The Ash Meadows National Wildlife Refuge is a protected wildlife refuge located in the Amargosa Valley of southern Nye County, in southwestern Nevada. It is directly east of Death Valley National Park, and is  west-northwest of Las Vegas.

The refuge was created on June 18, 1984, to protect an extremely rare desert oasis in the Southwestern United States. It is administered by the U.S. Fish and Wildlife Service.

Geography

The  Ash Meadows National Wildlife Refuge is part of the larger Desert National Wildlife Refuge Complex, which also includes the Desert National Wildlife Refuge, the Moapa Valley National Wildlife Refuge, and the Pahranagat National Wildlife Refuge. Inside Ash Meadows is Devils Hole, a detached unit of Death Valley National Park.

Ash Meadows is within the Amargosa Desert, of the Mojave Desert ecoregion. The Amargosa River is a visible part of the valley hydrology, and has seasonal surface flow passing southwards adjacent to the preserve, to later enter Death Valley.

Natural history
Ash Meadows provides a valuable and unprecedented example of desert oases habitats, that have become extremely uncommon in the southwestern deserts. The refuge is a major discharge point for a vast underground aquifer water system, reaching more than  to the northeast. Water-bearing strata come to the surface in more than thirty seeps and springs, providing a rich, complex variety of mesic habitats.

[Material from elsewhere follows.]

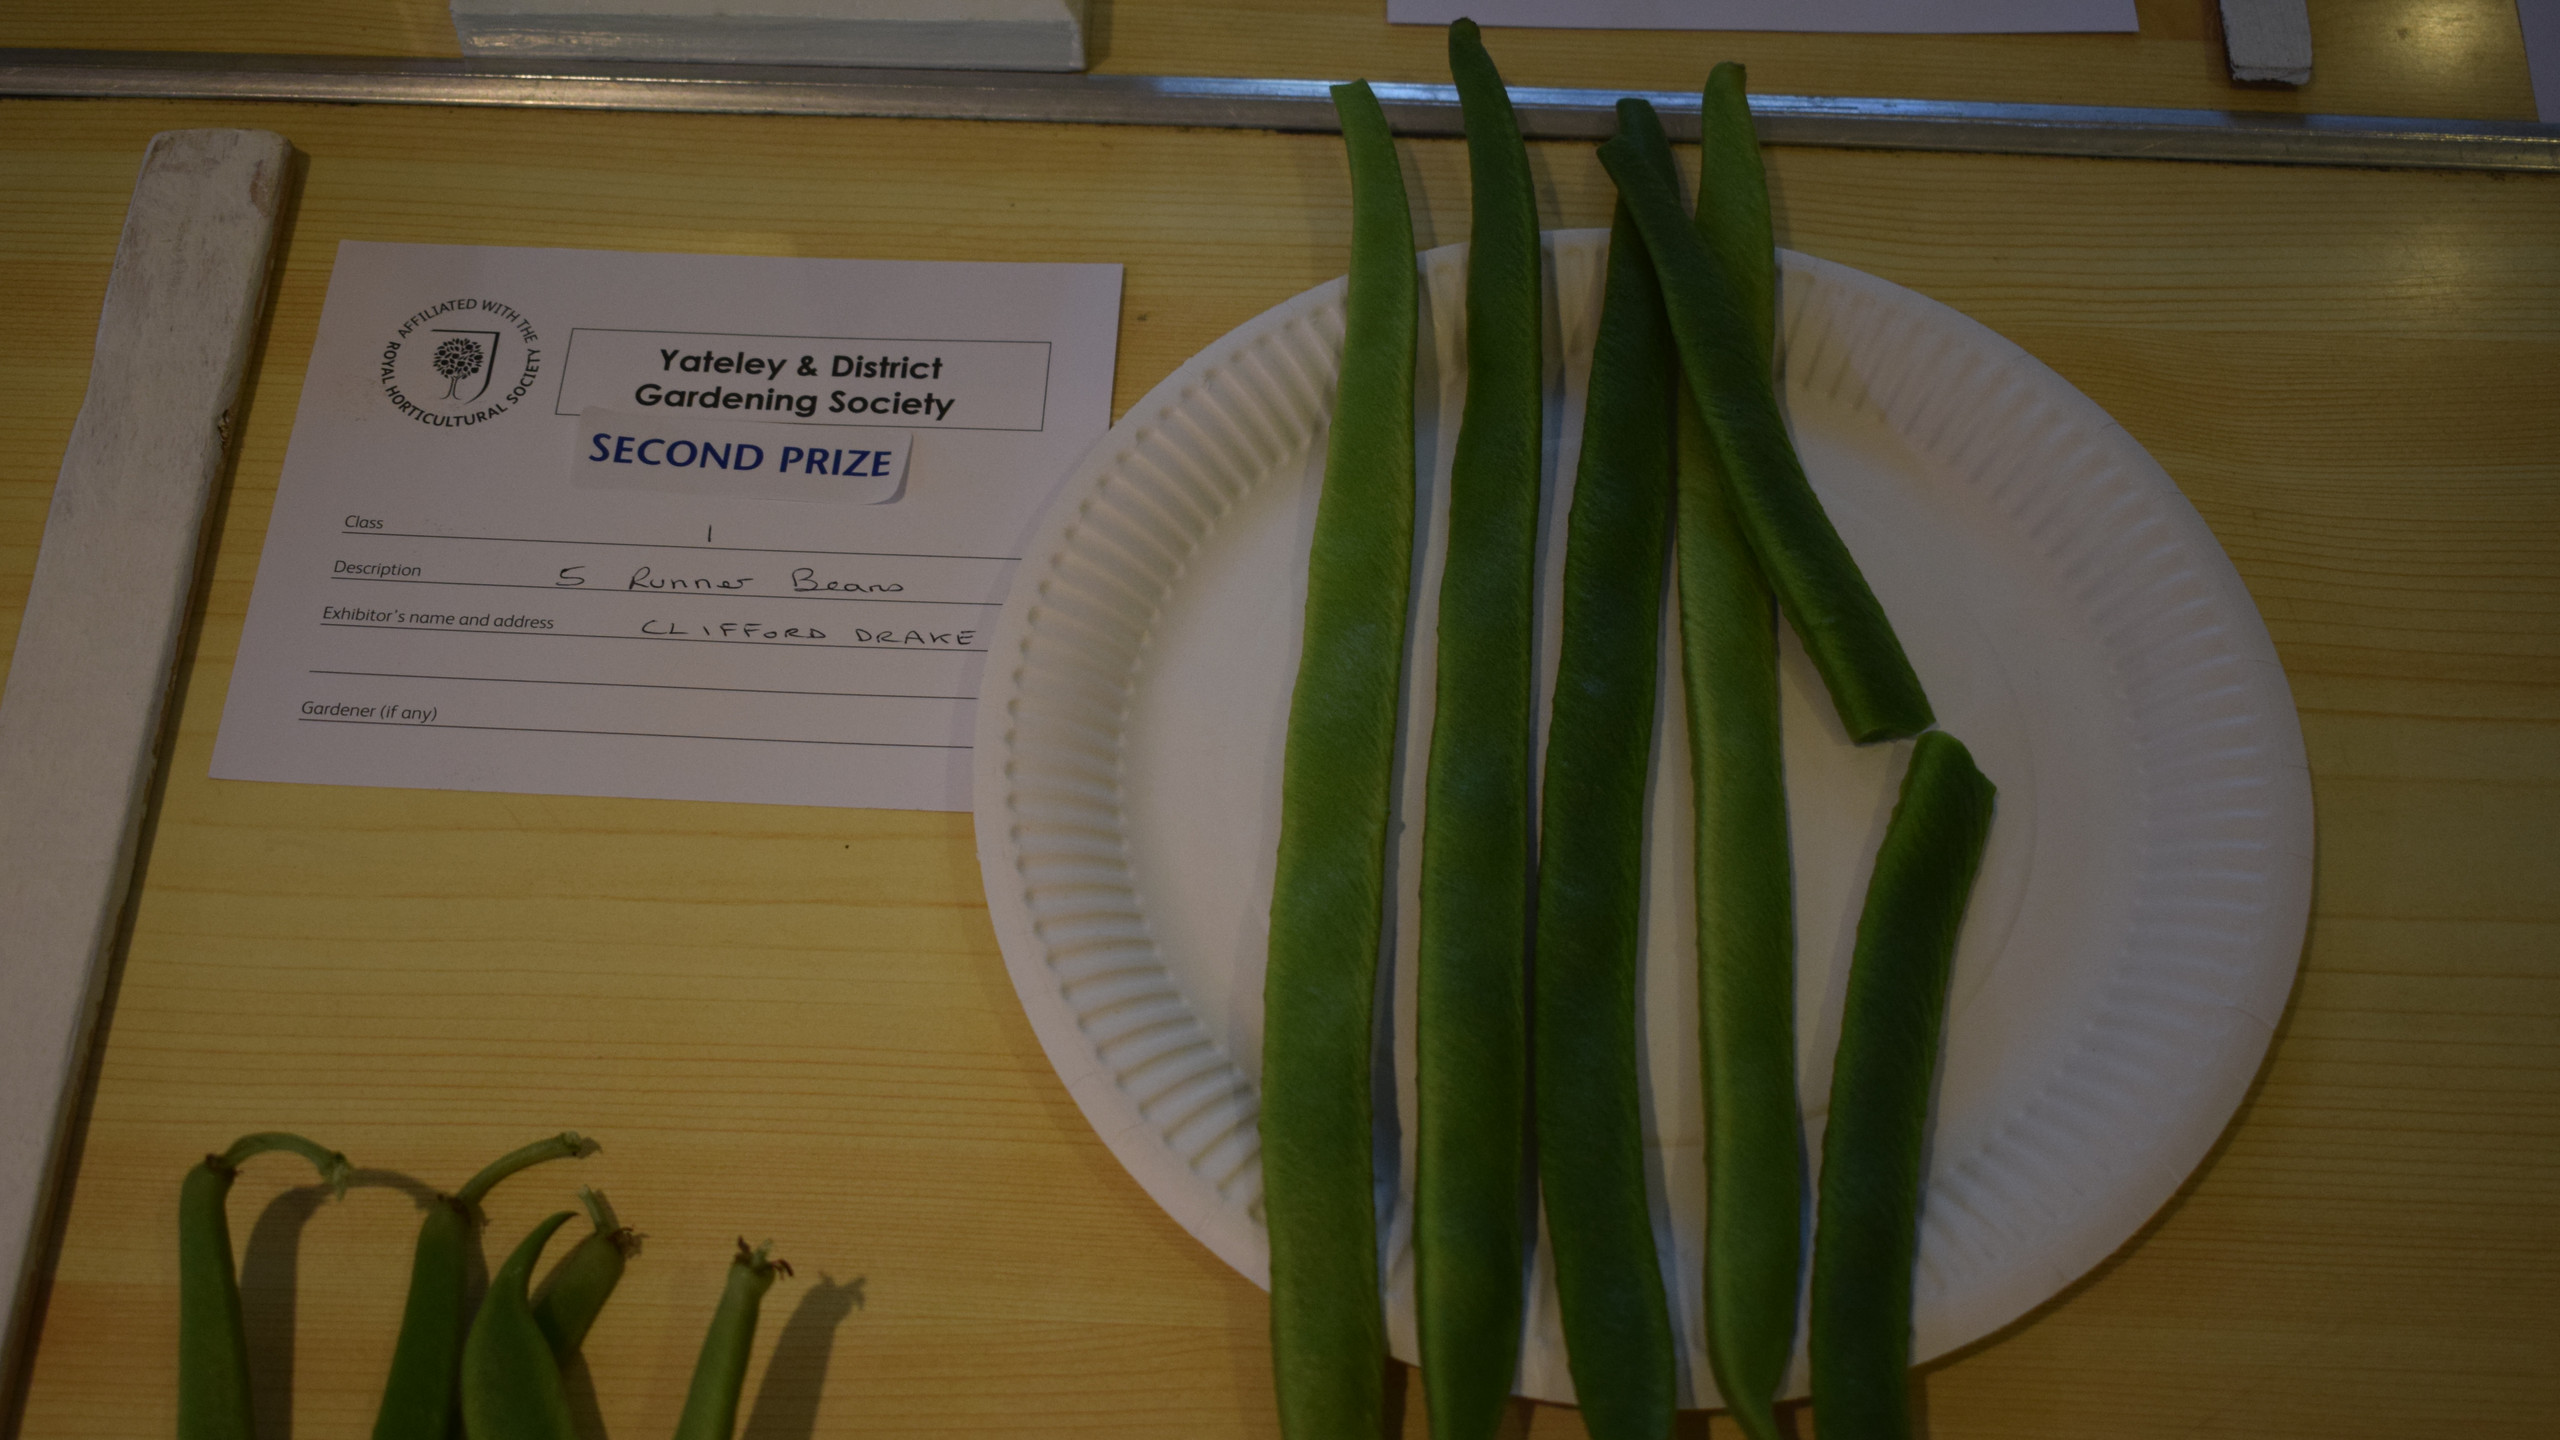 2nd prize for 5 runner beans

Virtually all of the water at Ash Meadows is fossil water, believed to have entered the ground water system tens of thousands of years ago.

Numerous stream channels and wetlands are scattered throughout the refuge.  To the north and west are the remnants of Carson Slough, which was drained and mined for its peat in the 1960s. Sand dunes occur in the western and southern parts of the refuge.

Endemic plants and animals

Ash Meadows National Wildlife Refuge was established to provide and protect habitat for at least twenty-six endemic plants and animals, meaning they are found nowhere else in the world. Four fish and one plant are currently listed as endangered species.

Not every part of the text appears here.